Di Gorontalo, juga terdapat tradisi dalam Ramadan. Akan tetapi, tradisi ini biasanya dilakukan sejak tiga malam sebelum Ramadan berakhir. Tradisi ini dinamakan ‘Tumbilo Tuhe’, yakni semacam acara mendekorasi kampung dengan memasang ratuasan lampu berwarna-warni di tepian jalan, terutama jalan yang menuju masjid atau mushala. Lampu-lampu tersebut terbuat dari botol beling bekas berukuran kecil yang diisi minyak.
Kata ‘Tumbilo Tuhe’ berasal dari bahasa Gorontalo, yaitu tumbilo yang bermakna pemasangan, dan tuhe yang artinya lampu. Ini adalah adat yang berlangsung sejak abad ke-15, atau pada masa awal masuknya Islam di Gorontalo. Dari riwayatnya, lampu yang dimaksud tentu saja bukan lampu listrik, melainkan lampu tradisional berbahan bakar minyak.
Sejatinya, ‘Tumbilo Tuhe’ berkisah tentang ajakan bagi umat Islam di Gorontalo untuk semakin meramaikan masjid di hari-hari menjelang Ramadan berakhir. Karena pada masa itu belum ada penerangan di jalan, dipasanglah lampu (tumbilo tuhe) di jalan-jalan yang mengarah ke masjid atau mushala. Tujuannya jelas agar umat Muslim jalannya semakin terang dan mudah untuk melangkah ke masjid atau mushala.
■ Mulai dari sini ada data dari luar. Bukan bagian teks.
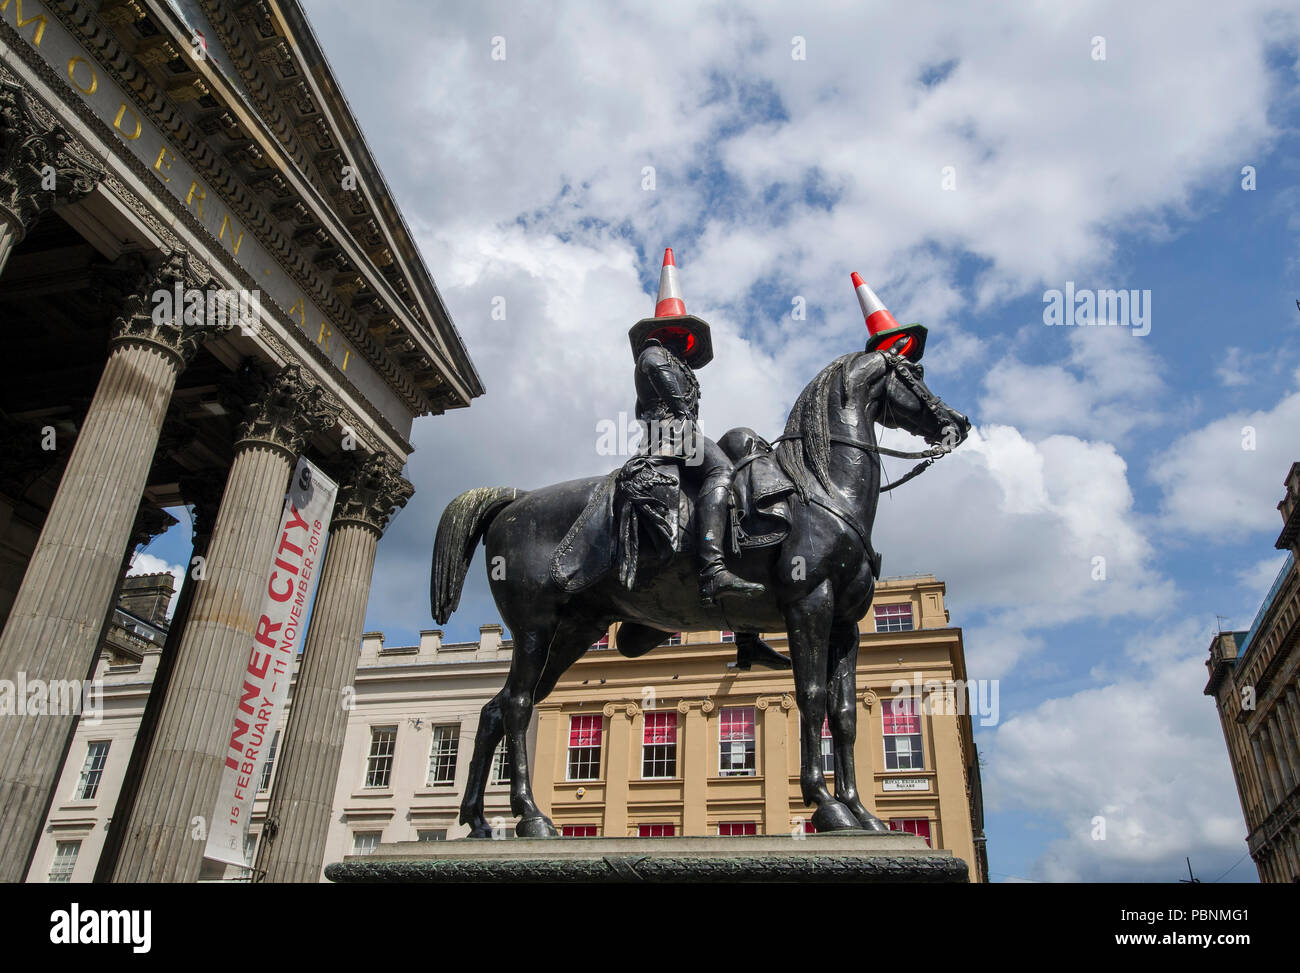 Der Pferdesport Wellington Statue ist eine Statue von Arthur Wellesley, 1. Herzog von Wellington, auf der Royal Exchange Square, Glasgow, Schottland. Stockfoto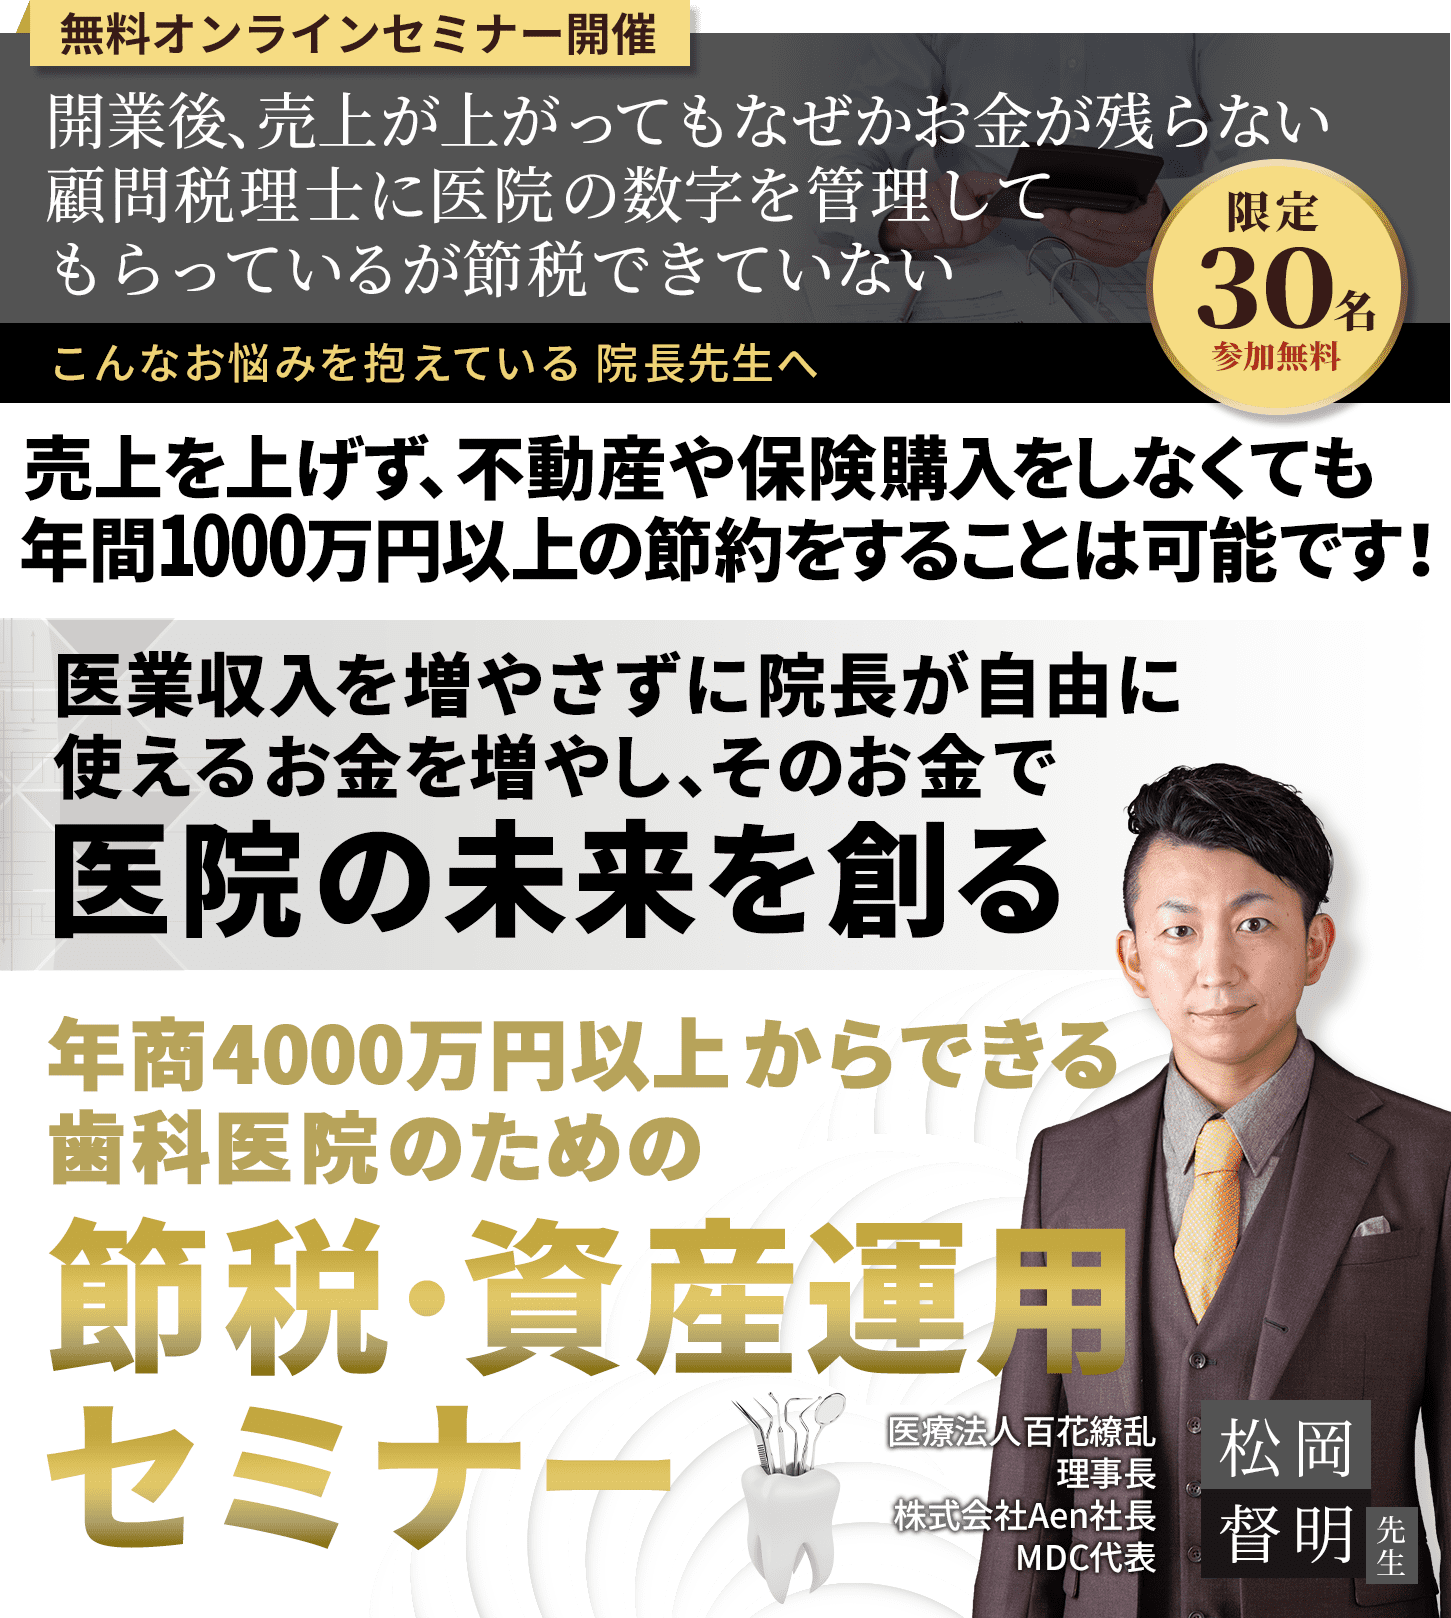 なぜ、名古屋歯科医院は人口わずか3万人の田舎町で週4日しか診療しなくても

Tentu masih banyak tradisi unik lain dalam menyambut Ramadan di berbagai daerah di Indonesia. Hemat saya, kekayaan kultural ini seharusnya dapat membuat kekhusyukan ibadah Ramadan menjadi lebih menyenangkan dan bukan justru menambah runcing polemik sikap saling memaksakan penghormatan.
Selamat menyambut bulan suci Ramadan 1438 hijriah.